Most rpg's have some sort of 'home-made' protocol to send data to the client.
Very simplified example would be a packet payload of say for example {E3, xxxxxxxx,yyyyyyyy,zzzzzzzz}, where the E3 states it's a 'location' packet and all the bytes behind it are the coordinates.. (this is VERY simplified, don't expect it to be that easy).
So if you have a little experience in packet grabbing and protocol dissecting, you could place your char in a location, logout, start grabbing packets, log in, stop grabbing packet. save this packets trace as trace1. Log out again and repeat... save as packet trace 2. Compare packet trace 1 and 2. In those traces, the server will have told your client where on the map your character is. If you spawned at exactly the same place in both traces, somewhere in the packet grabs should be the same 3 values twice.
Three because player location data is always send in triplets, (ie. a point in a 3D space is always described by an X, Y and Z coordinate).
I hope one day L.Spiro will 'borrow' some code from wireshark and implement packet sniffing features in MHS. That combined with the searching features in MHS would leave all other 'game tools' far behind.
*Shameless wink at L.Spiro*
(should you start grabbing packet, log out in a location that has minimal moving object, a private guildhall would be best)

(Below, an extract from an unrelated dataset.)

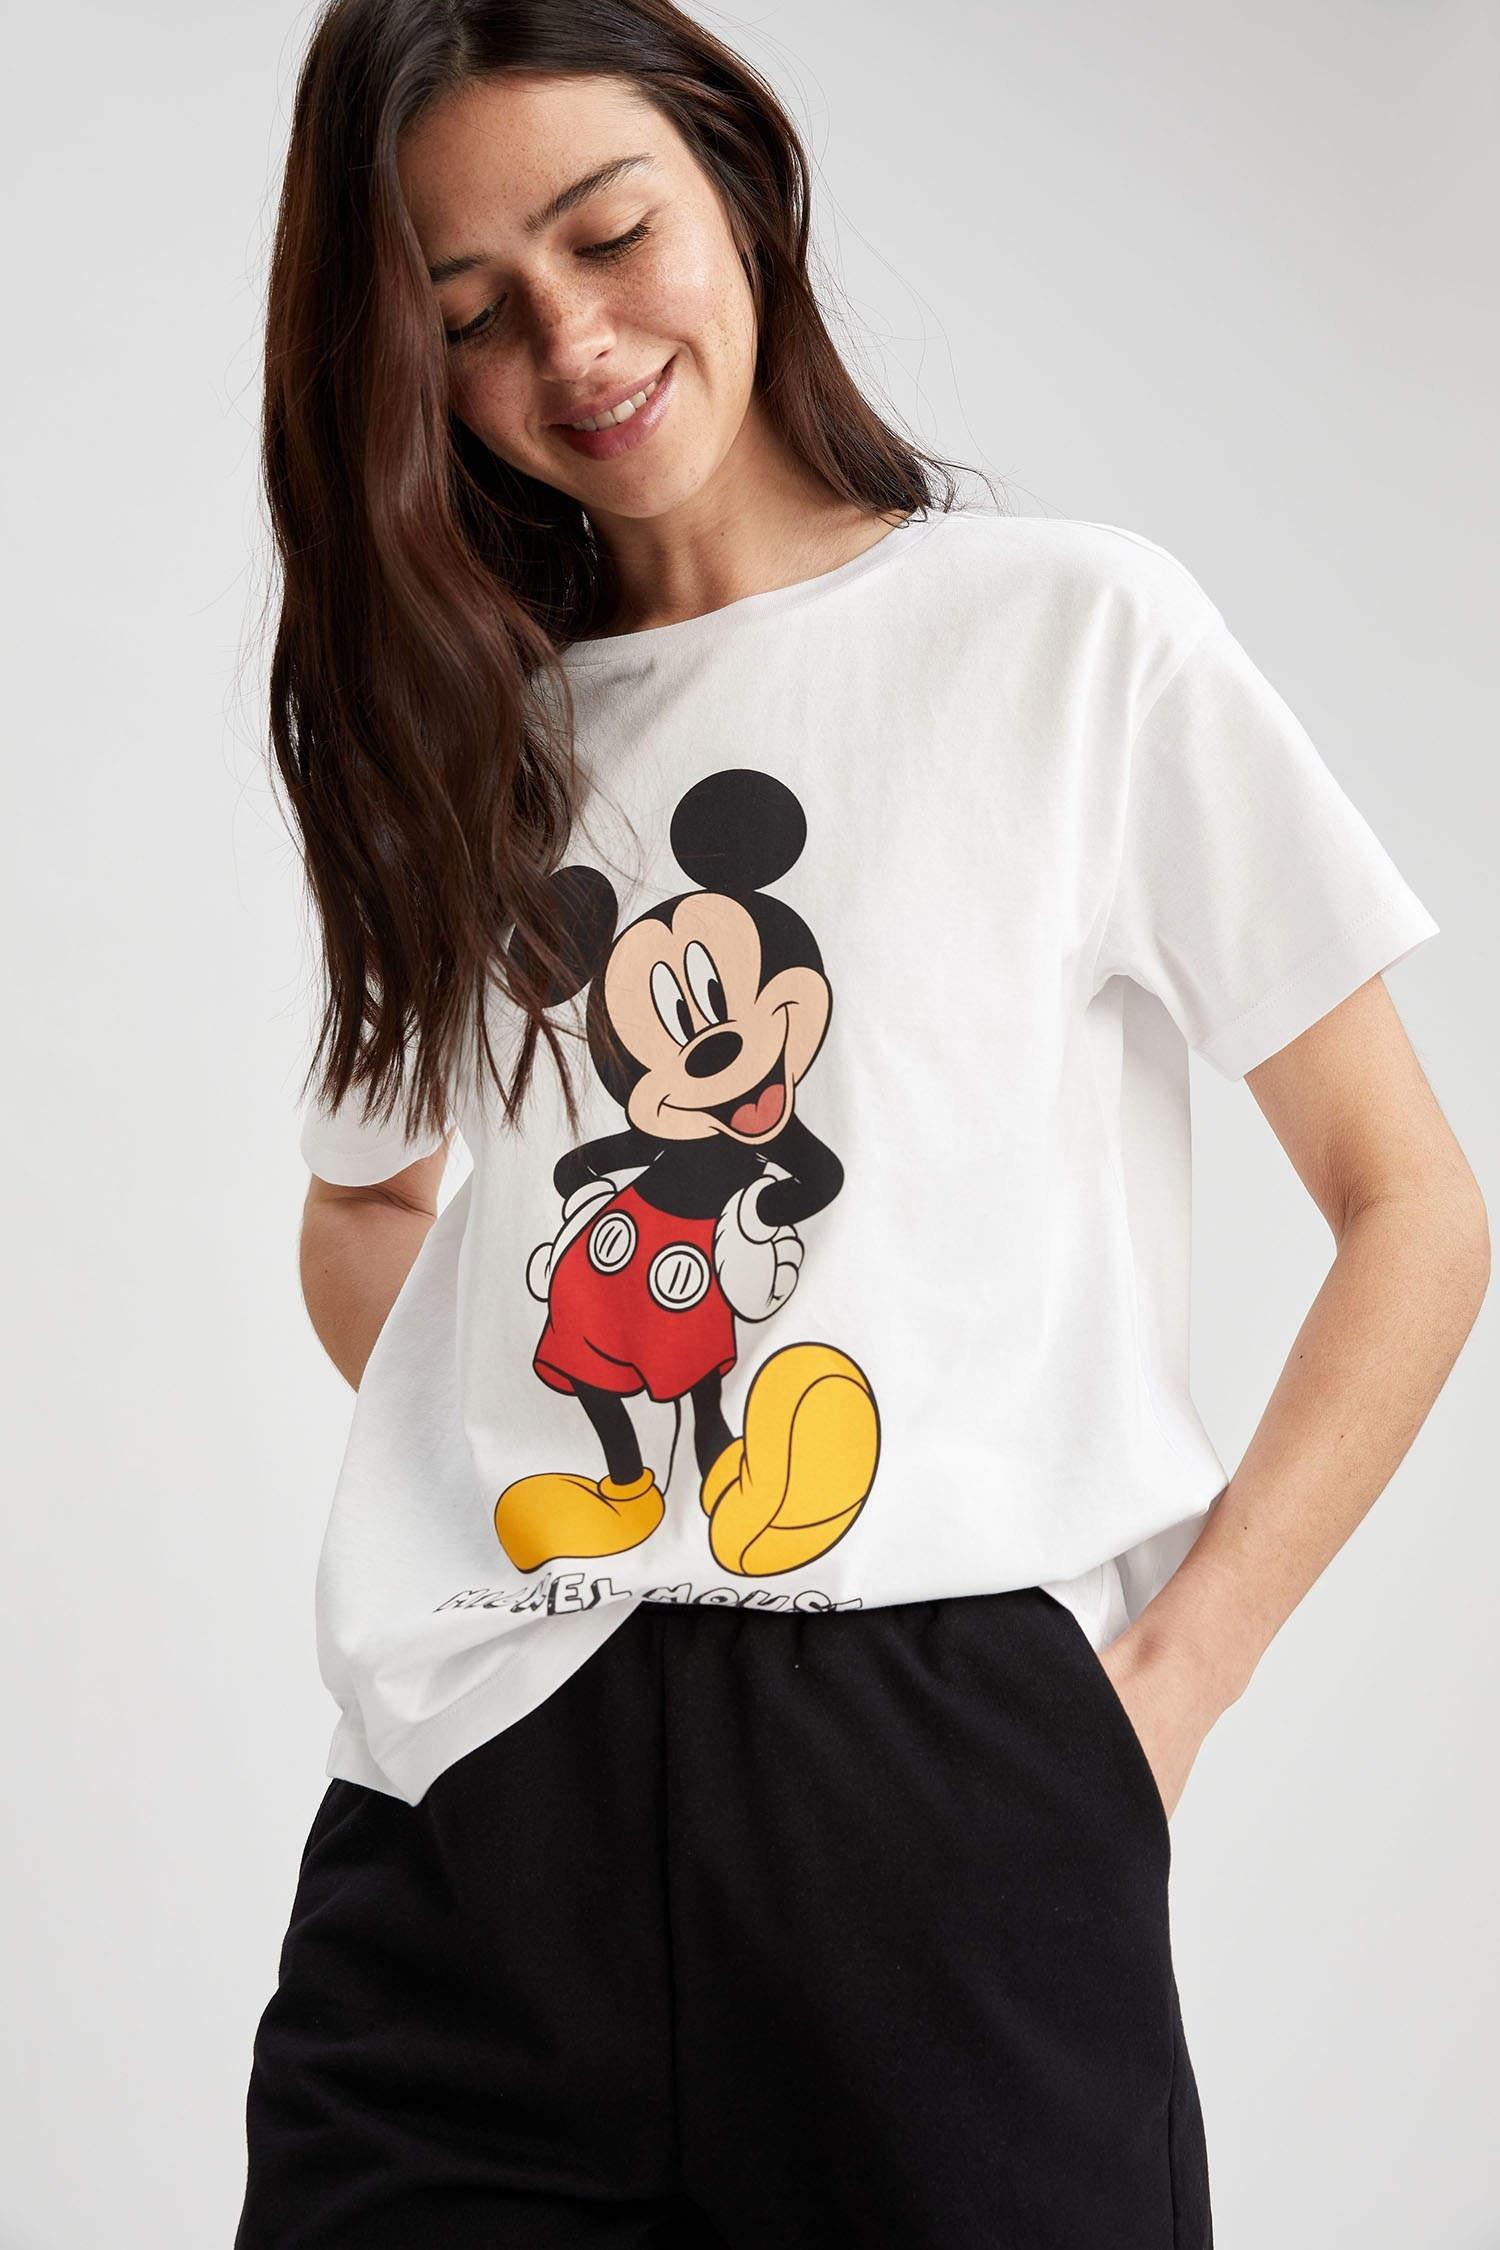 تصویر تی شرت نخی طرح میکی موس زنانه

(EDIT: that chat session you logged may be clear text, but other packets could be encrypted, you should check with MHS, ollydbg and process Explorer if the executable doesn't load any encryption DLL's)

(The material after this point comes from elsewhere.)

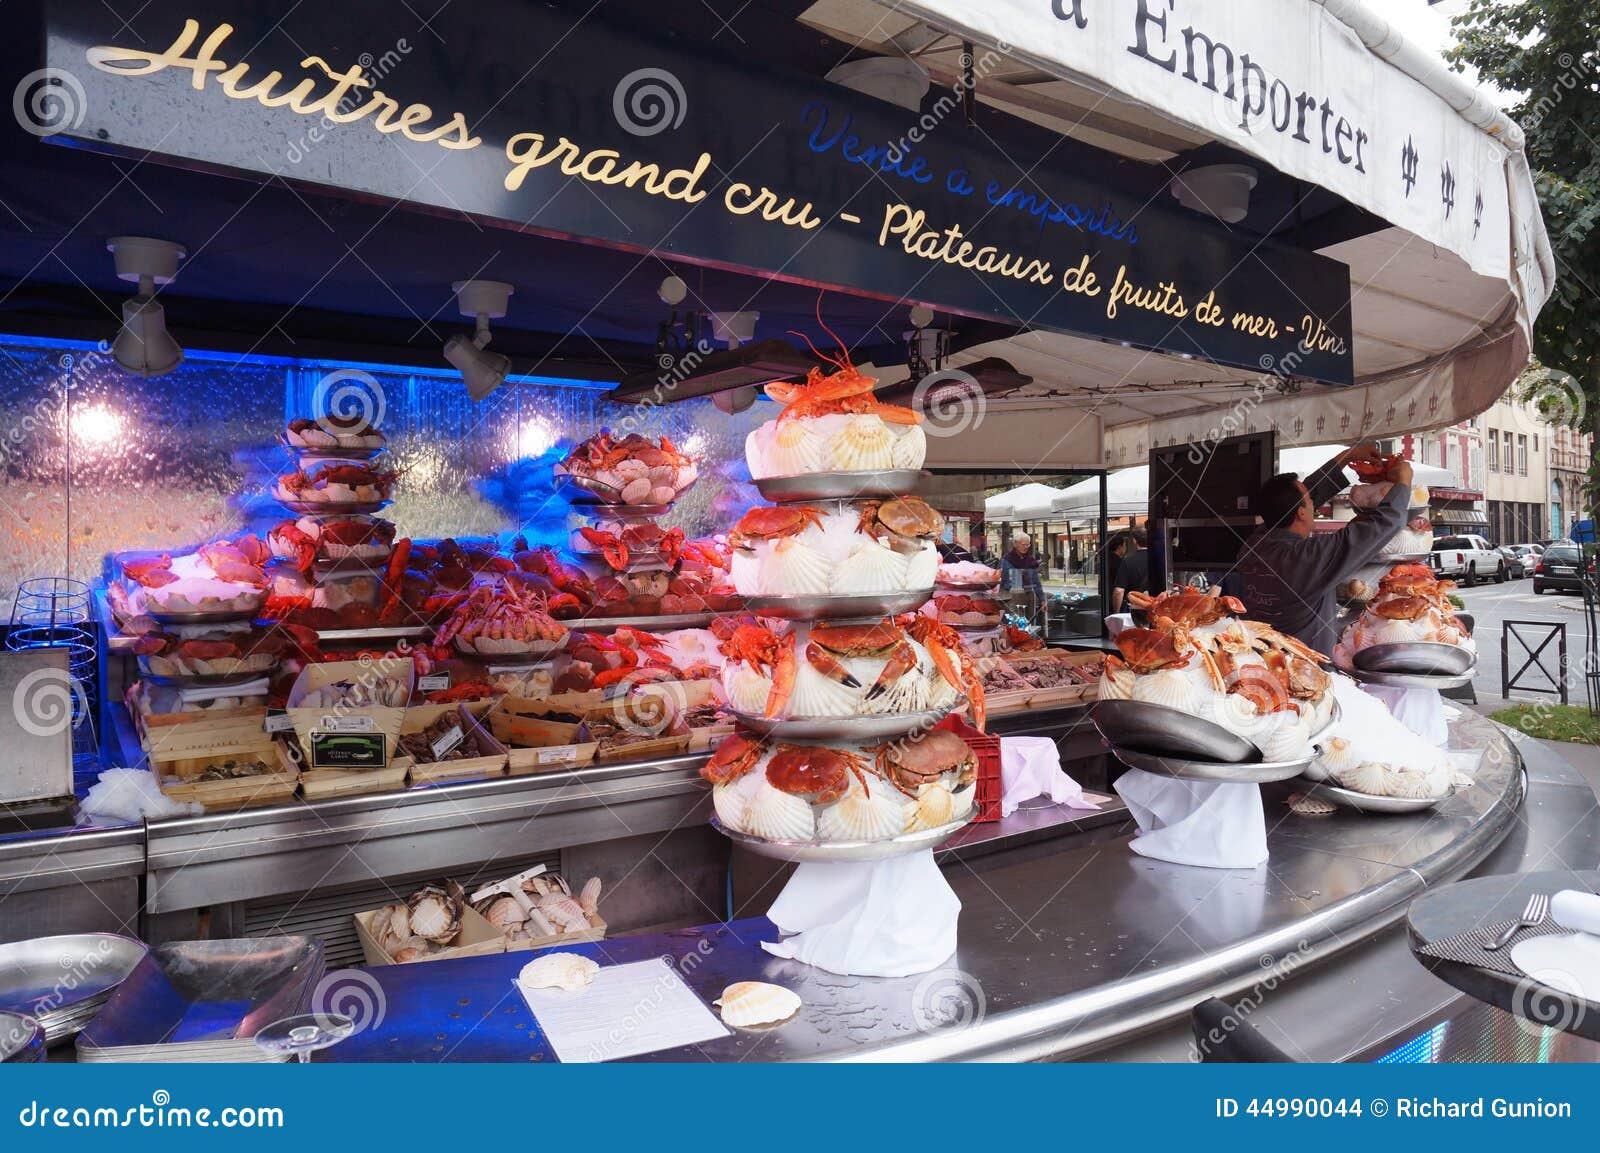 Paris Seafood Restaurant Editorial Stock Image - Image: 44990044

(EDIT2: a good indication of encryption is if you see your login credentials in the packet grabs, chances are quite good that no encryption is used)
(EDIT3: other possible means of finding out stuff is to log calls to any winsock or other calls that send packets. Try to see the conversation between your client and the server when you press an arrow key in game. Your client should send a 'movement' packet and the server should send a 'ok, client please redraw your screen' packet'. Try resending the 'movement' packet with WPEpro (once you have found it).